– Счет он оплачивал наличными – доставал купюры из толстой стопки. Никаких кредиток.
– Как-то сложно представить, чтобы он регулярно ходил в банк и снимал там наличные, – сказал Равельштейн.
– Возможно, посылает секретаршу обналичивать чеки. Как бы там ни было, он всегда расплачивается новенькими хрустящими банкнотами. Даже их не считает – просто выдергивает несколько штук из стопки, бросает на поднос и жестом повелевает: «Унесите это». А потом мчится с зажигалкой к жене, которая уже достала сигарету. В общем, безупречная галантность, hommages, целование ручек и поклоны. Розы у флориста оплачены наперед.
– И все это вдобавок на французском.
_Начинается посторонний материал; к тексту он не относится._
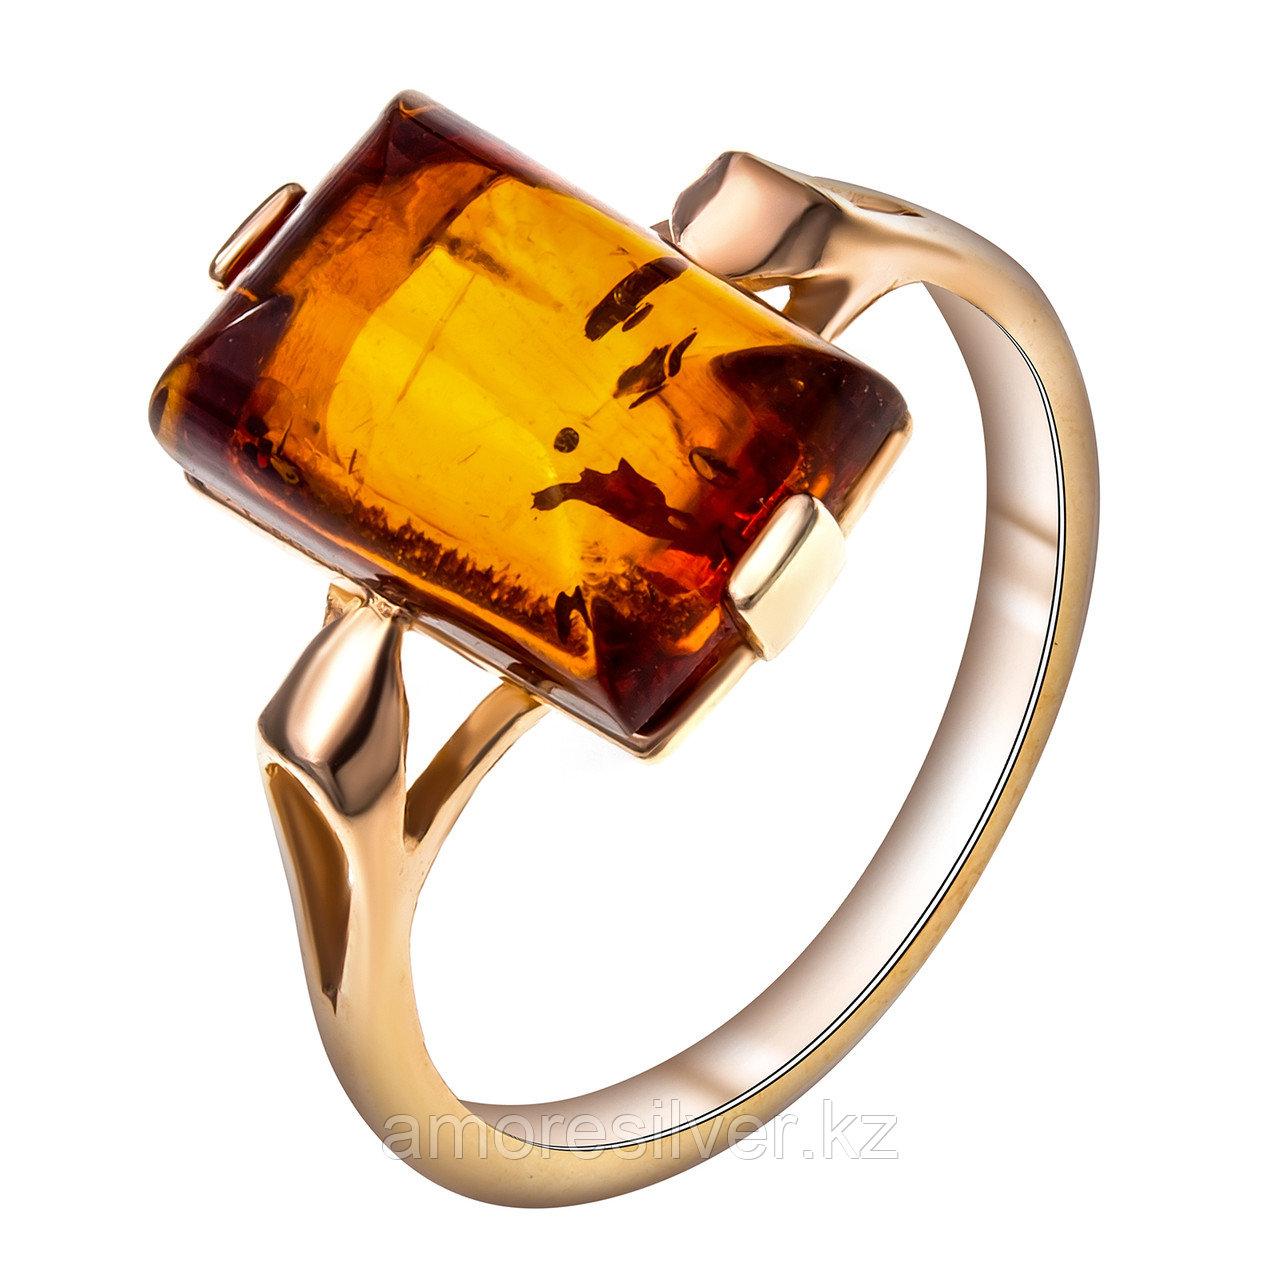 Серебряное кольцо с  и янтарем  ЯНТАРНАЯ ЛАГУНА 4LP158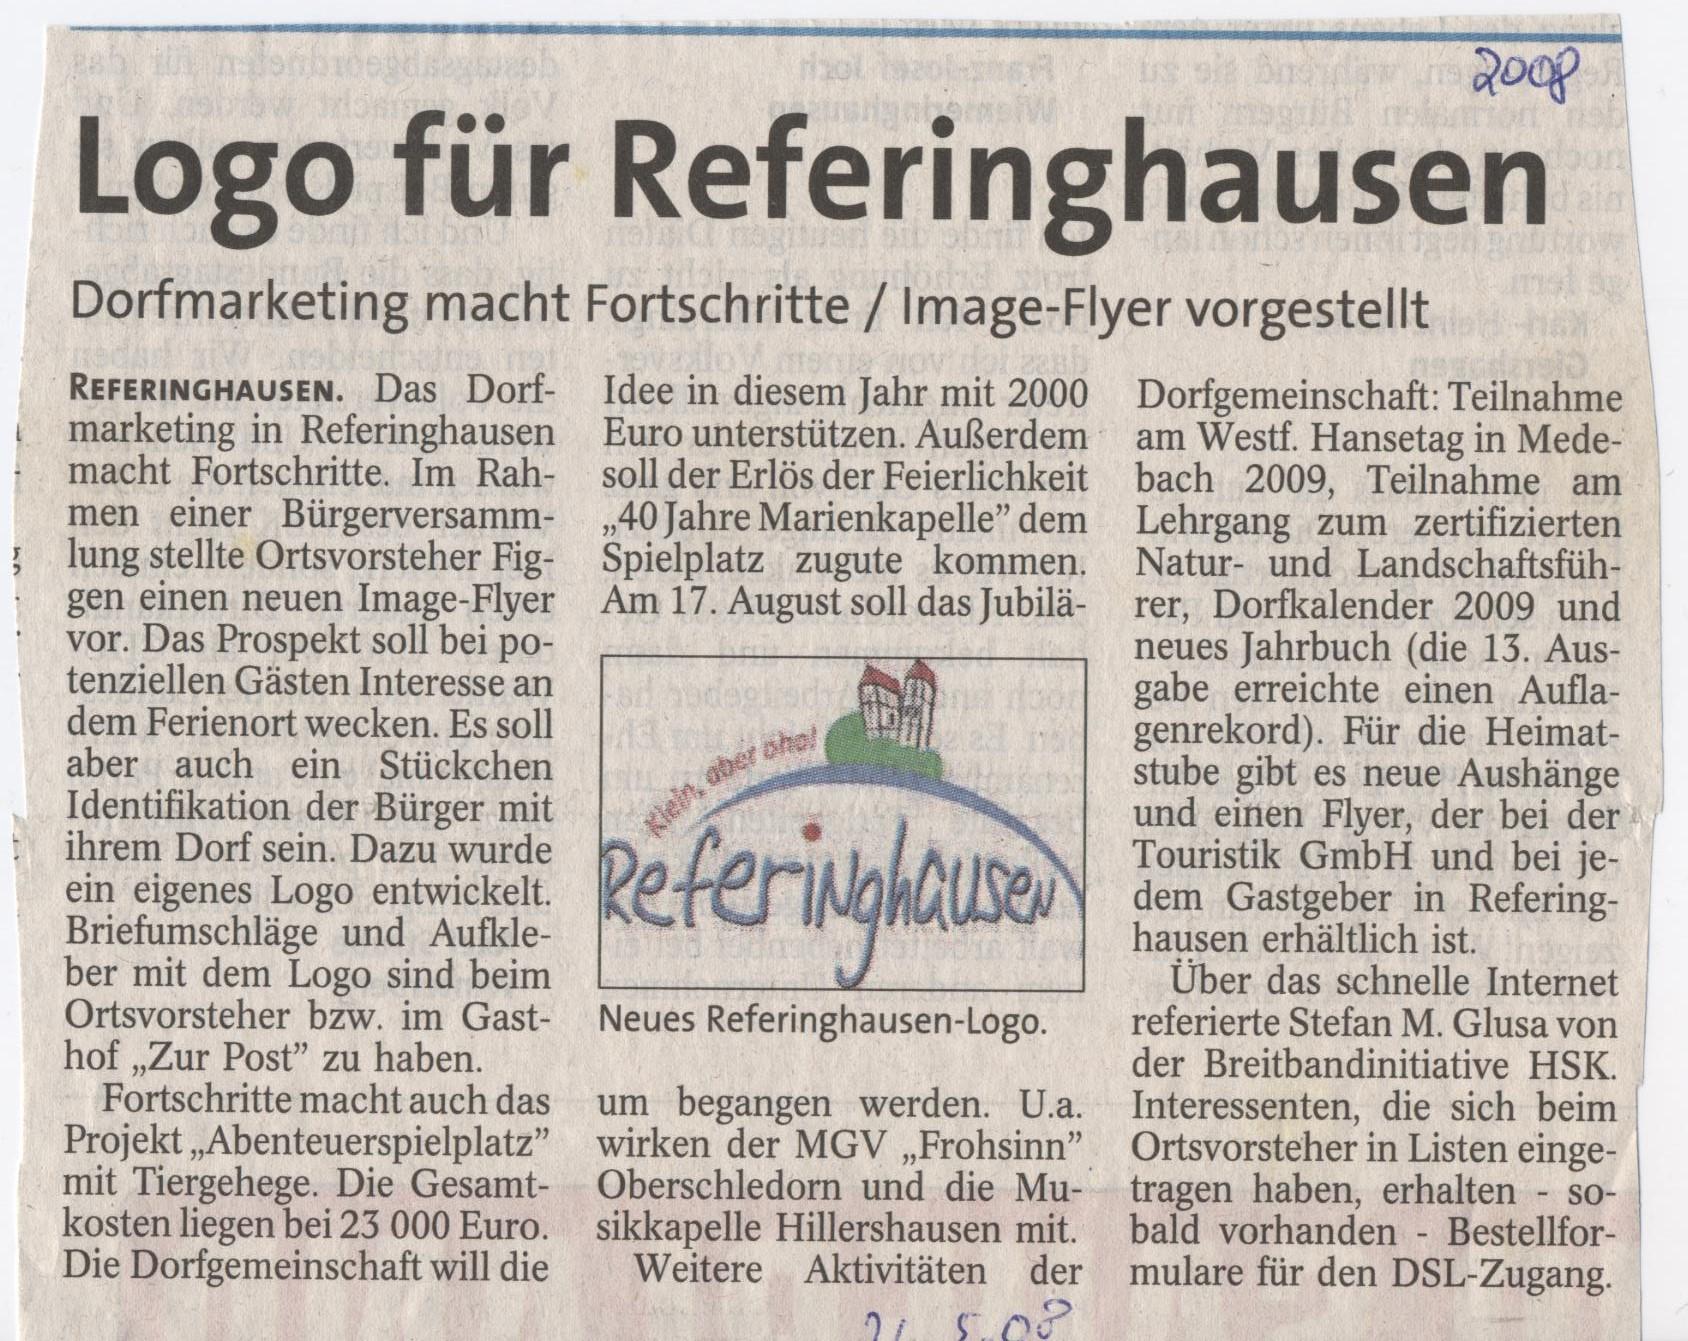 Logo für Referinghausen

А с американцев наверняка другой спрос. Да к тому же ты еврей. Евреям надо знать свое место, помнить об окружающих их мифах. При чем тут мифы, спросишь ты? Именно мифы демонизировали евреев. Еврейский миф напрямую связан с теорией заговора. Взять, к примеру, «Протоколы сионских мудрецов». А твой Раду написал целую прорву книг по мифологии. И на кой черт тебе сдалась эта мифология, Чик? Ты что, думаешь, в один прекрасный день тебя хлопнут по плечу и скажут, что ты теперь – сионский мудрец? Просто время от времени вспоминай про тех людей на мясницких крюках.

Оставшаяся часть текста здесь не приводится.